For their votes to be counted, holders of depository interests (DI Holders) must submit their CREST Voting
Instruction (as defined below) to the Company’s agent by the required cut-off time set out below.
Alternatively, DI Holders can vote using the enclosed Form of Instruction.
VOTING BY CORPORATE REPRESENTATIVE
A Shareholder that is a corporation may appoint an individual to act as its representative and to vote at
the Meeting in accordance with section 250D of the Corporations Act. The representative should bring
to the Meeting evidence of his or her appointment, including any authority under which the appointment
is signed. The appropriate “Appointment of Corporate Representative” form should be completed and
produced prior to admission to the Meeting. This form may be obtained from the Company’s share
registry.
VOTING BY PROXY
Shareholders are strongly urged to appoint the Chairman of the Meeting as their proxy. Shareholders can
complete the proxy form to provide specific instructions on how a shareholder’s vote is to be cast on each
item of business and the Chairman of the Meeting must follow your instructions.
Australia (Proxy Forms)
To vote by proxy, please complete and sign the enclosed Proxy Form and return it by the time and in
accordance with the instructions set out on the Proxy Form.

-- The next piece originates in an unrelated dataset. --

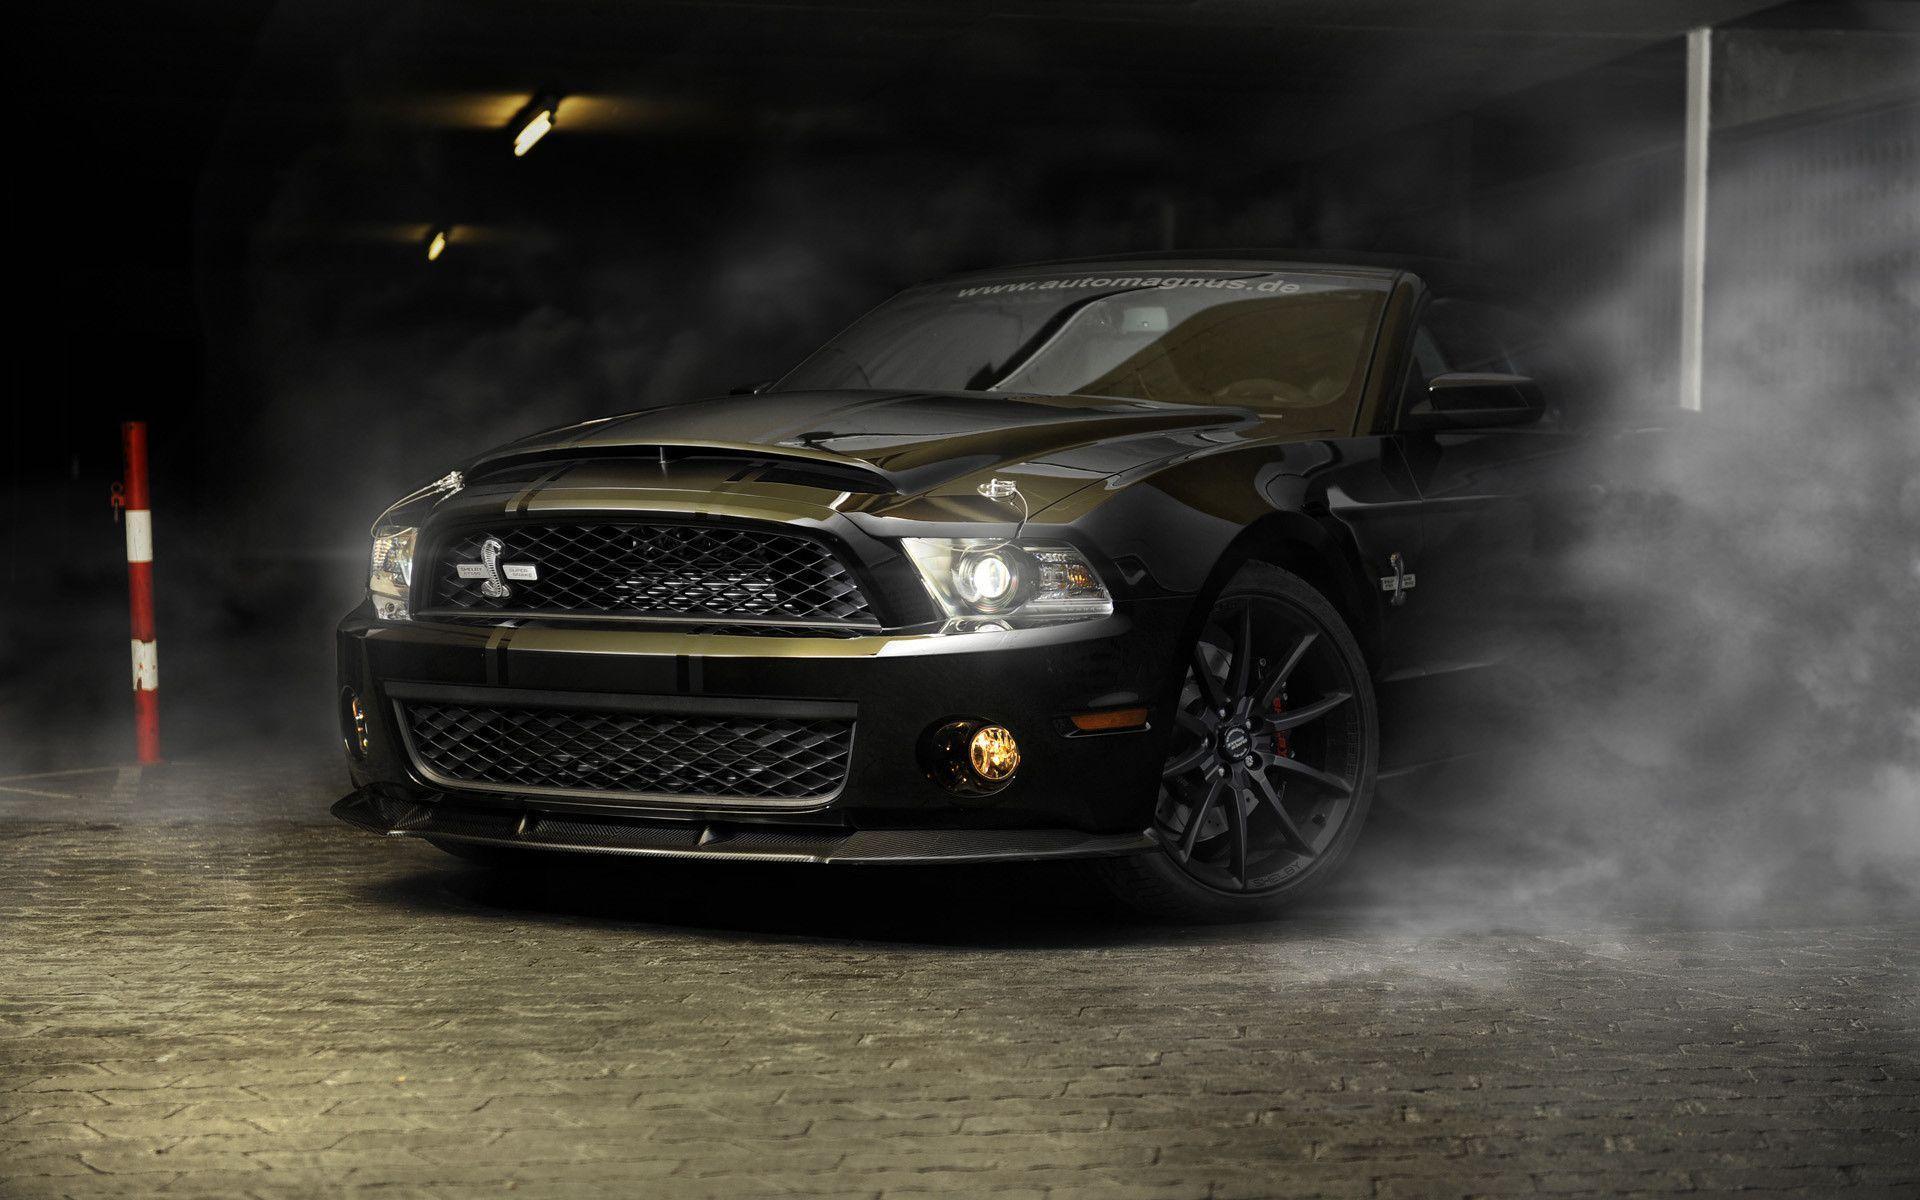 Mustang Wallpapers - Full HD wallpaper search

In accordance with section 249L of the Corporations Act, Shareholders are advised that:
• A Shareholder (either an individual or a body corporate) who is entitled to attend and vote at the
Meeting is entitled to appoint a proxy which may be a body corporate or an individual.

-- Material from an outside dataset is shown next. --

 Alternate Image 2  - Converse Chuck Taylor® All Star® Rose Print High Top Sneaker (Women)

• A proxy need not be a Shareholder.
• A Shareholder who is entitled to cast two or more votes may appoint two proxies and may specify
the proportion or number of votes each proxy is appointed to exercise, but where the proportion or
number is not specified, each proxy may exercise half of the total votes. If you wish to appoint a
second proxy, an additional proxy form may be obtained by telephoning the Company’s share registry
or you may copy the enclosed Proxy Form. To appoint a second proxy, you must follow the
instructions on the Proxy Form.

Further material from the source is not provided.